Overview

Febuxostat Versus Allopurinol on Hepatic Steatosis in MAFLD Patients

Status:
Not yet recruiting

Trial end date:
2022-11-01

Target enrollment:
0

Participant gender:
All

Summary

Metabolic associated fatty liver disease (MAFLD) is the most common and harmful chronic liver disease, and it is increasingly diagnosed in many developed and developing countries. Previous studies suggested a significant association between hyperuricemia and MAFLD and that hyperuricemia plays a causal role in the development of MAFLD. Xanthine oxidase is a key enzyme in uric acid metabolism, and It thus can be considered as is a therapeutic target for MAFLD, so long-term urate-lowering therapy may play a role in amelioration of MAFLD by controlling uric acid levels. So, this study is conducted to assess the effect of controlling hyperuricemia using different xanthine oxidase inhibitors on amelioration of MAFLD.

Phase:

N/A

Accepts Healthy Volunteers?

Details

Lead Sponsor:

Ain Shams University

Treatments:

Allopurinol
Febuxostat

Criteria

Inclusion Criteria:

- Ages 18-65.

- Males and Females

- Metabolic syndrome according to the NCEP ATP III definition [13]: present of three or
more of the following five criteria are met:

- Waist circumference over 40 inches (men) or 35 inches (women), Central obesity -
defined as waist circumference ≥ 102 cm for Men and ≥ 88 cm for women

- Blood pressure over 130/85 mmHg,

- Basting triglyceride (TG) level over 150 mg/dl,

- Fasting high-density lipoprotein (HDL) cholesterol level less than 40 mg/dl (men)
or 50 mg/dl (women),

- Fasting blood sugar over 100 mg/dl.

- Serum uric acid levels of > 420μmol/L (>7 mg/dL) in men and >360 μmol/L (>6 mg/dL)
women.

Exclusion Criteria:

- Renal insufficiency defined by serum creatinine > 2.0 mg/dl.

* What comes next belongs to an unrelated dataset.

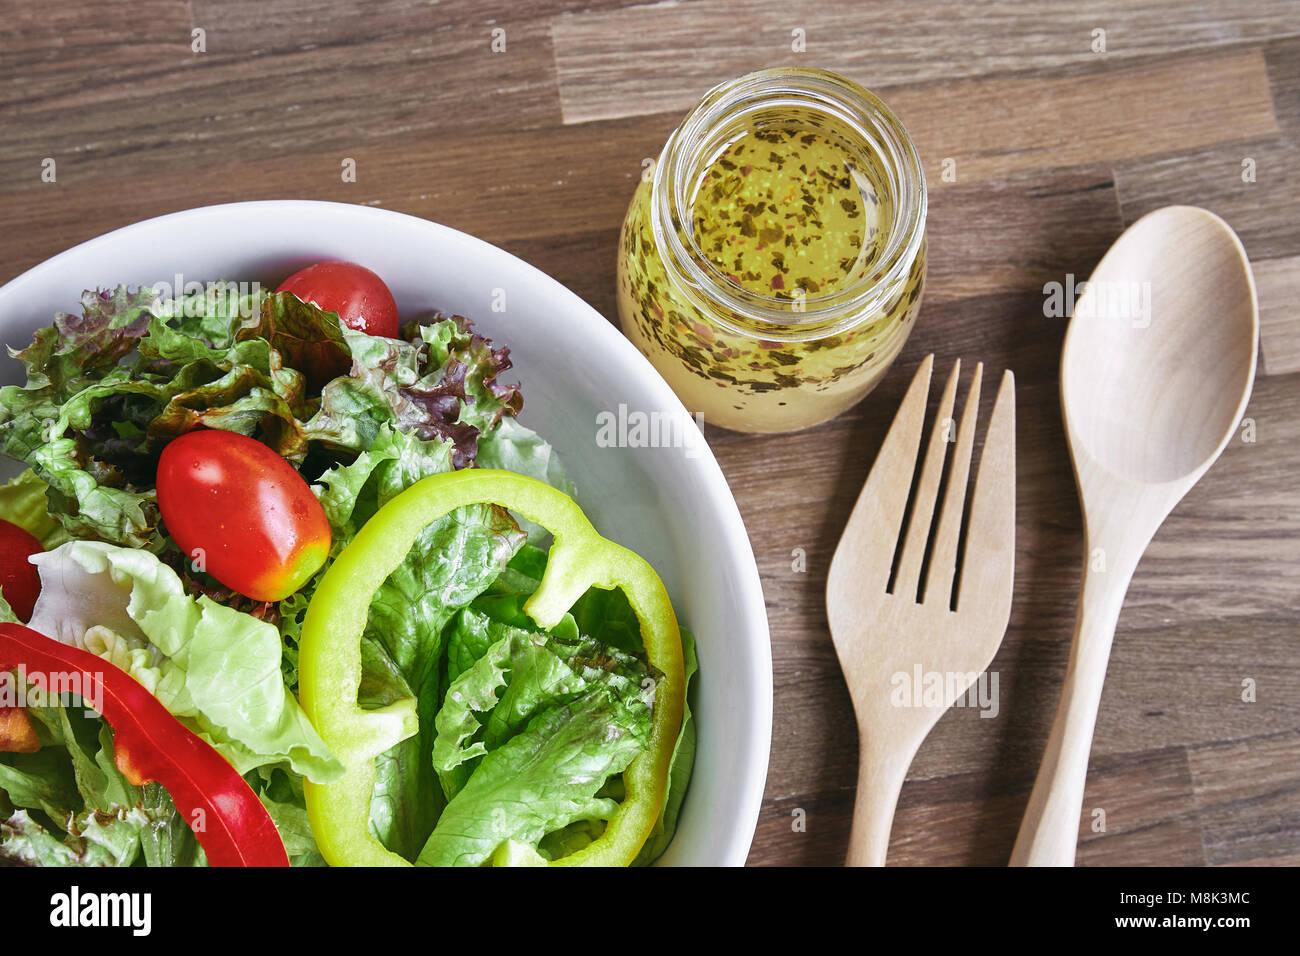 Frisches Gemüse Gemischter Salat Tomaten Und Paprika Mit Dressing

- Patients with obvious abnormal liver function: serum transaminase (ALT, AST, one
of them) exceed 2 times the upper limit of normal reference value.

- Have a history of viral hepatitis, or serological examination suggests hepatitis
virus infection, or have a history of other liver diseases.

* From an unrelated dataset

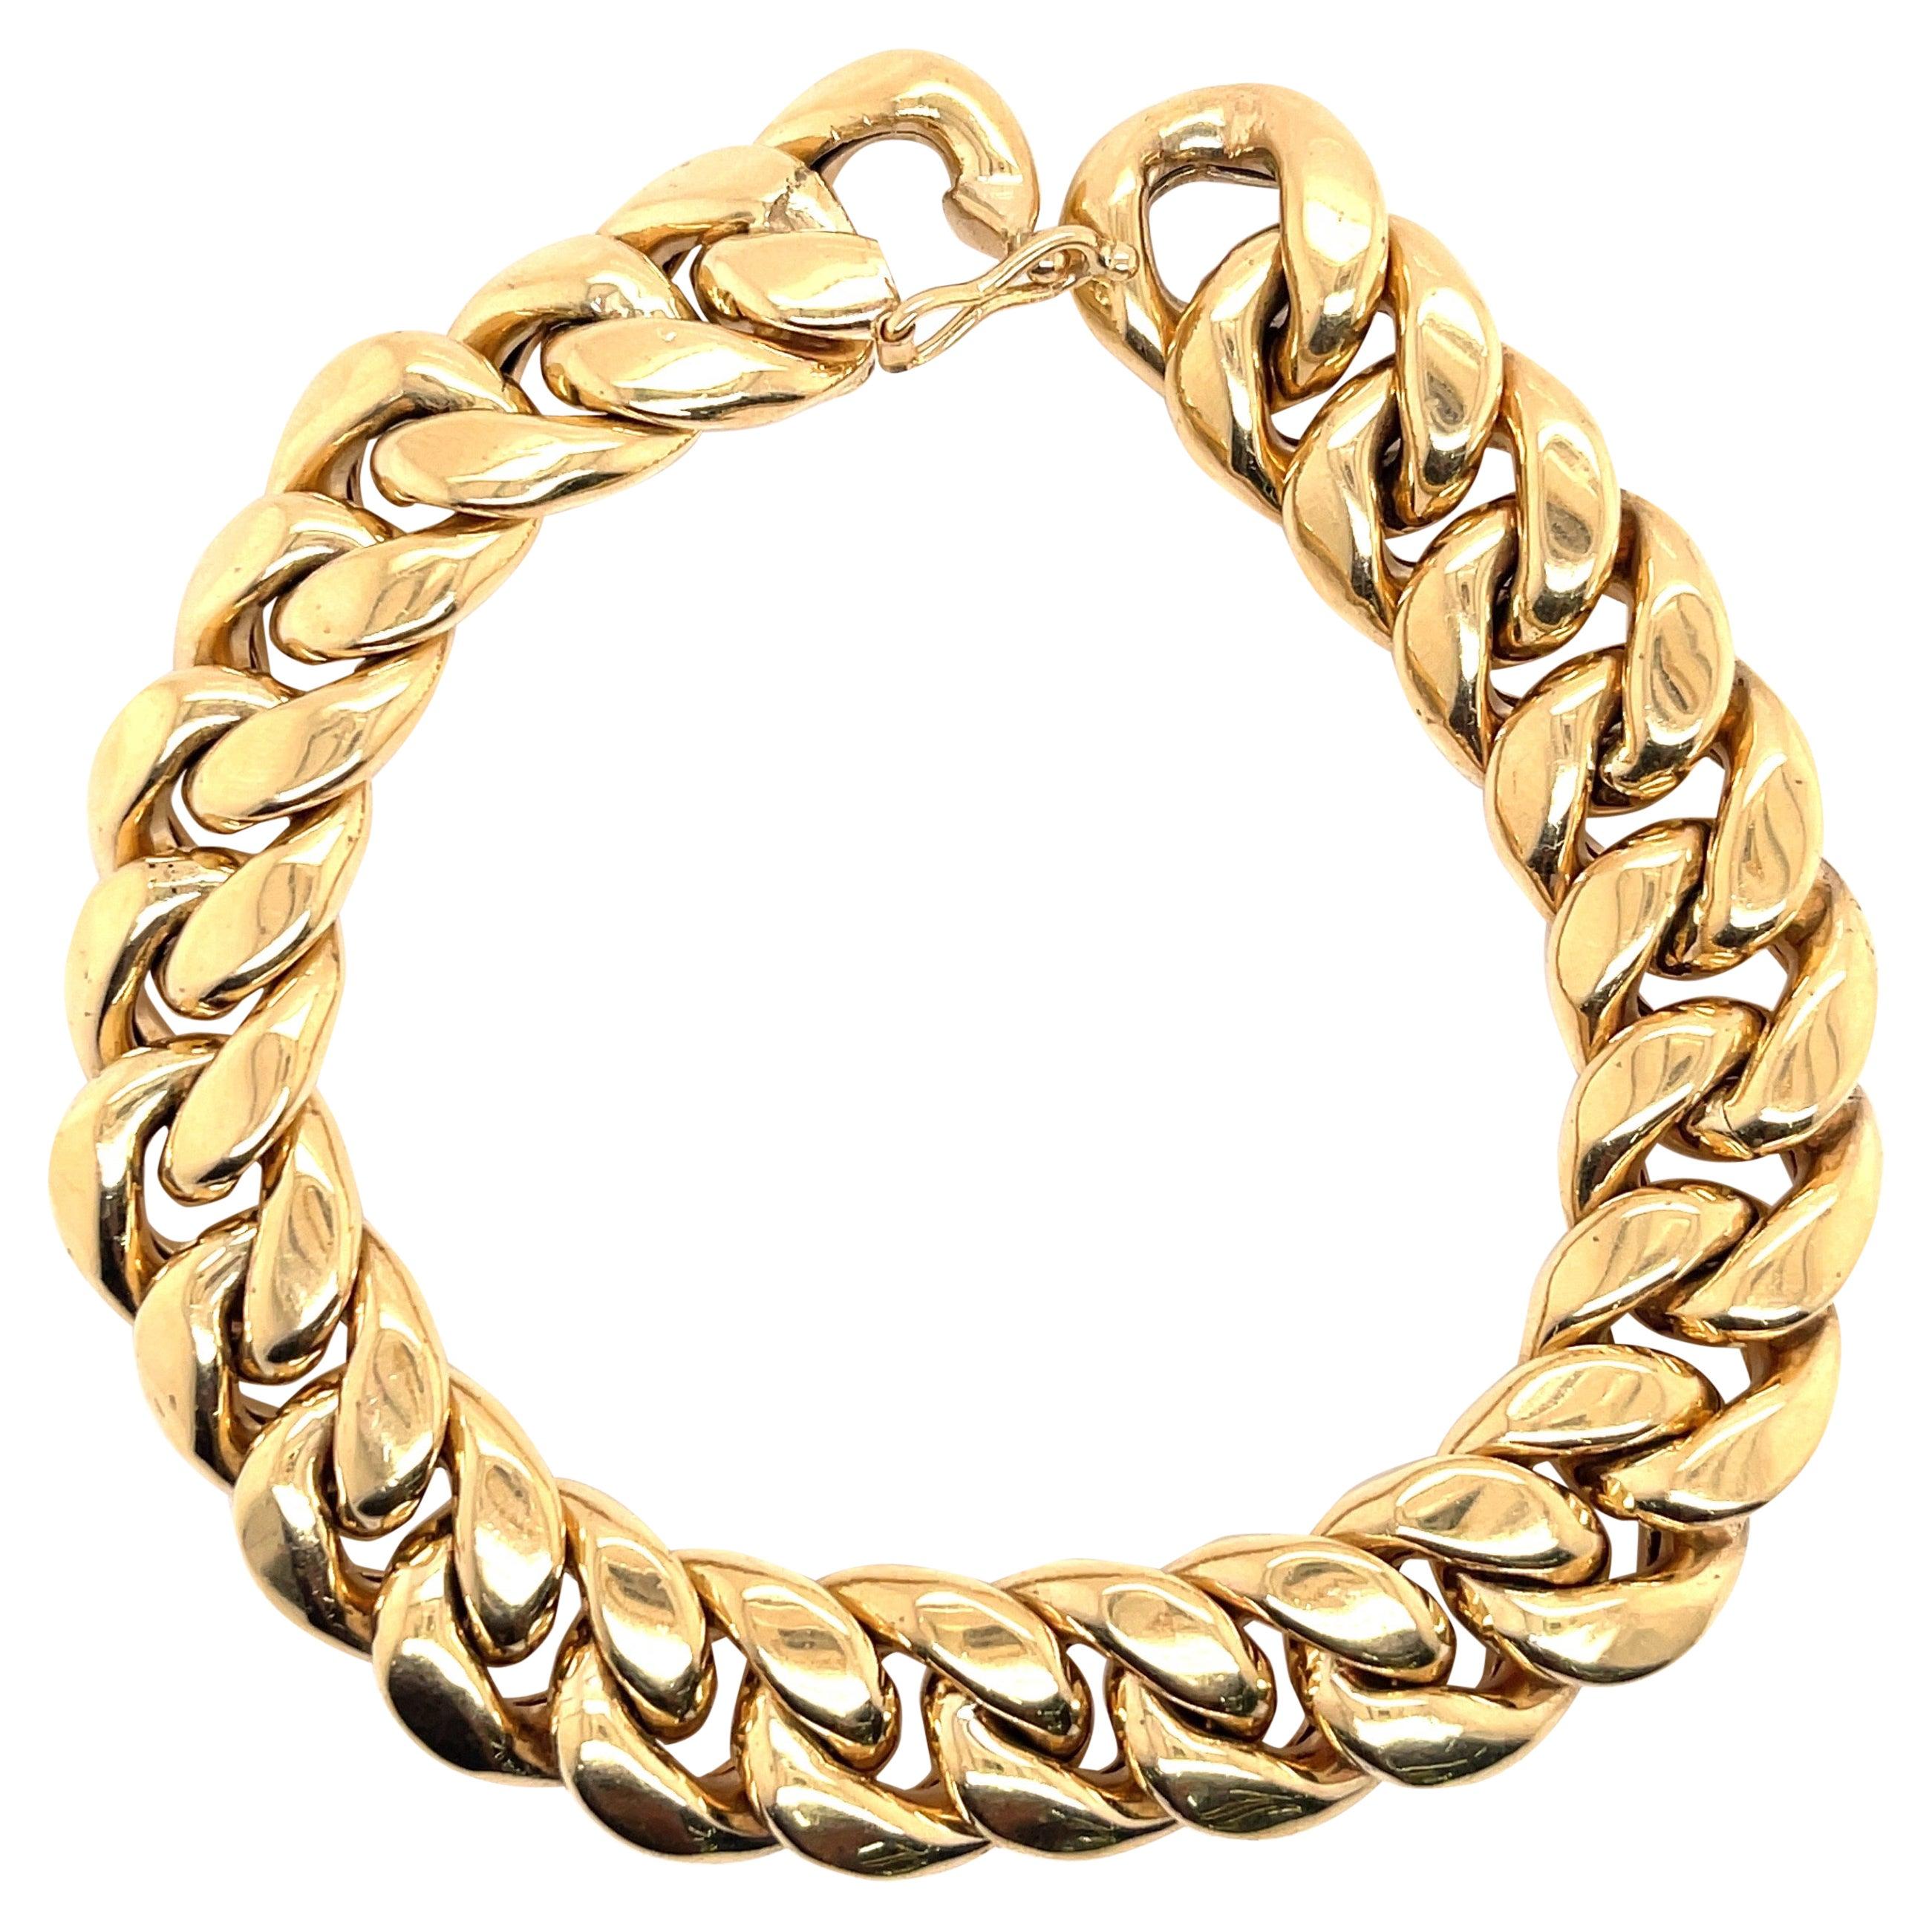 Gold Link Bracelet 43.32 g.

- Complementation with diabetes, or fasting blood glucose >7.8mmol/L, or HbA1c
>7.5%.

- Severe hypertension, blood pressure ≥ 160/100 mmHg.

- A history of allergy to febuxostat and allopurinol; in the acute active phase of
gout.

- Drinking equivalent to alcohol intake ≥30g/d(male), ≥20g/d(female).

- Complicated coronary heart disease.

- Cardiac dysfunction (cardiac function grade 2 or above).

- Patients with asthma and other respiratory diseases.

- Intestinal diseases such as inflammatory bowel disease.

- Any history of systemic malignancy in the past 5 years.

- Use of uric-lowering drugs in the 4 weeks before screening: febuxostat,
allopurinol, benzbromarone.

- Morbid obesity (BMI>37.5kg/m2).

- Triglyceride ≥5.0 mmol/L was found to be significantly abnormal in baseline
examination.

- had received systemic hormone or immunosuppressive therapy within 3 months prior
to screening or expected to receive hormone or immunosuppressive therapy in the
future.

- Use of other drugs affecting uric acid metabolism were adjusted within 4 weeks
before screening: losartan, fenofibrate, irbesartan, thiazide diuretics, loop
medullar diuretics, compound antihypertensive agents containing diuretics.

Other drugs that may affect liver fat content were taken within 4 weeks before screening.

- Women who are lactating or pregnant.